HOW TO COMPLETE THIS TASK
Return each record exactly as it appears, so that nothing is dropped or altered.

(Source data)
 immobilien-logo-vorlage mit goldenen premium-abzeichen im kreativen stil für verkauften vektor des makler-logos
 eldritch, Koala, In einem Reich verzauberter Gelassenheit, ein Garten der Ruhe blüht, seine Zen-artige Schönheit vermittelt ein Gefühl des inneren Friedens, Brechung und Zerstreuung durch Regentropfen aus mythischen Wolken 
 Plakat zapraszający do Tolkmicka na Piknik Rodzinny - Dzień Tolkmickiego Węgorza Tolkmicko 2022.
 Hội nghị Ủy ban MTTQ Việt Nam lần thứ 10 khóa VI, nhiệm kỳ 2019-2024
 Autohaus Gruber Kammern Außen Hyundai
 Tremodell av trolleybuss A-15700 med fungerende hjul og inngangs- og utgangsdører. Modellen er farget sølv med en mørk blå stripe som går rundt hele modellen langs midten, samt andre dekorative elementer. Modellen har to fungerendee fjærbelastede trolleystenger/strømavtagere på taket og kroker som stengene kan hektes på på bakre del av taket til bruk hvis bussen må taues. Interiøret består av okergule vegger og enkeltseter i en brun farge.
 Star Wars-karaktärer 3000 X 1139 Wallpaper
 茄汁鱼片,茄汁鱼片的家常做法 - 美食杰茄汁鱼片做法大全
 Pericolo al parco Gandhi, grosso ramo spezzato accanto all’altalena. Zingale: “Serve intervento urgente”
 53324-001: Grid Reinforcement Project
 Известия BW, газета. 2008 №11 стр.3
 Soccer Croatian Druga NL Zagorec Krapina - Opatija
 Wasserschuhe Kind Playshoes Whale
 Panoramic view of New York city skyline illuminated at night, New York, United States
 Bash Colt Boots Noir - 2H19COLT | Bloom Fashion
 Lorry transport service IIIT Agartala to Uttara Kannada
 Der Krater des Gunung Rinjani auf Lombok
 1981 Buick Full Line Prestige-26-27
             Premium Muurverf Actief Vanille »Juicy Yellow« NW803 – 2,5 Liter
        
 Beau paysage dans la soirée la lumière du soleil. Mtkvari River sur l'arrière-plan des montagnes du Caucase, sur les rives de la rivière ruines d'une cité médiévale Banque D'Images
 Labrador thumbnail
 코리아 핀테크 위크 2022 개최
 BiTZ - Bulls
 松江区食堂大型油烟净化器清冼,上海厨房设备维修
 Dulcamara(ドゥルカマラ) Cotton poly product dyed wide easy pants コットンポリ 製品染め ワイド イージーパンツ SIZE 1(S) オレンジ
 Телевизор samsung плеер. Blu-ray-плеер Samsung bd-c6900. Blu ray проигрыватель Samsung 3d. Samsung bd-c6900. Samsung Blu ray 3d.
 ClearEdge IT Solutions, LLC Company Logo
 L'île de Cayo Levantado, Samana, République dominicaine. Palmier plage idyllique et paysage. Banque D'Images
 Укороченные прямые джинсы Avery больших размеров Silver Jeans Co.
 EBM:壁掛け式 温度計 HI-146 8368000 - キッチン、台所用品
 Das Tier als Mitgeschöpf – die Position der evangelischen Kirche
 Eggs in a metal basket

REPLY
 immobilien-logo-vorlage mit goldenen premium-abzeichen im kreativen stil für verkauften vektor des makler-logos
 eldritch, Koala, In einem Reich verzauberter Gelassenheit, ein Garten der Ruhe blüht, seine Zen-artige Schönheit vermittelt ein Gefühl des inneren Friedens, Brechung und Zerstreuung durch Regentropfen aus mythischen Wolken 
 Plakat zapraszający do Tolkmicka na Piknik Rodzinny - Dzień Tolkmickiego Węgorza Tolkmicko 2022.
 Hội nghị Ủy ban MTTQ Việt Nam lần thứ 10 khóa VI, nhiệm kỳ 2019-2024
 Autohaus Gruber Kammern Außen Hyundai
 Tremodell av trolleybuss A-15700 med fungerende hjul og inngangs- og utgangsdører. Modellen er farget sølv med en mørk blå stripe som går rundt hele modellen langs midten, samt andre dekorative elementer. Modellen har to fungerendee fjærbelastede trolleystenger/strømavtagere på taket og kroker som stengene kan hektes på på bakre del av taket til bruk hvis bussen må taues. Interiøret består av okergule vegger og enkeltseter i en brun farge.
 Star Wars-karaktärer 3000 X 1139 Wallpaper
 茄汁鱼片,茄汁鱼片的家常做法 - 美食杰茄汁鱼片做法大全
 Pericolo al parco Gandhi, grosso ramo spezzato accanto all’altalena. Zingale: “Serve intervento urgente”
 53324-001: Grid Reinforcement Project
 Известия BW, газета. 2008 №11 стр.3
 Soccer Croatian Druga NL Zagorec Krapina - Opatija
 Wasserschuhe Kind Playshoes Whale
 Panoramic view of New York city skyline illuminated at night, New York, United States
 Bash Colt Boots Noir - 2H19COLT | Bloom Fashion
 Lorry transport service IIIT Agartala to Uttara Kannada
 Der Krater des Gunung Rinjani auf Lombok
 1981 Buick Full Line Prestige-26-27
             Premium Muurverf Actief Vanille »Juicy Yellow« NW803 – 2,5 Liter
        
 Beau paysage dans la soirée la lumière du soleil. Mtkvari River sur l'arrière-plan des montagnes du Caucase, sur les rives de la rivière ruines d'une cité médiévale Banque D'Images
 Labrador thumbnail
 코리아 핀테크 위크 2022 개최
 BiTZ - Bulls
 松江区食堂大型油烟净化器清冼,上海厨房设备维修
 Dulcamara(ドゥルカマラ) Cotton poly product dyed wide easy pants コットンポリ 製品染め ワイド イージーパンツ SIZE 1(S) オレンジ
 Телевизор samsung плеер. Blu-ray-плеер Samsung bd-c6900. Blu ray проигрыватель Samsung 3d. Samsung bd-c6900. Samsung Blu ray 3d.
 ClearEdge IT Solutions, LLC Company Logo
 L'île de Cayo Levantado, Samana, République dominicaine. Palmier plage idyllique et paysage. Banque D'Images
 Укороченные прямые джинсы Avery больших размеров Silver Jeans Co.
 EBM:壁掛け式 温度計 HI-146 8368000 - キッチン、台所用品
 Das Tier als Mitgeschöpf – die Position der evangelischen Kirche
 Eggs in a metal basket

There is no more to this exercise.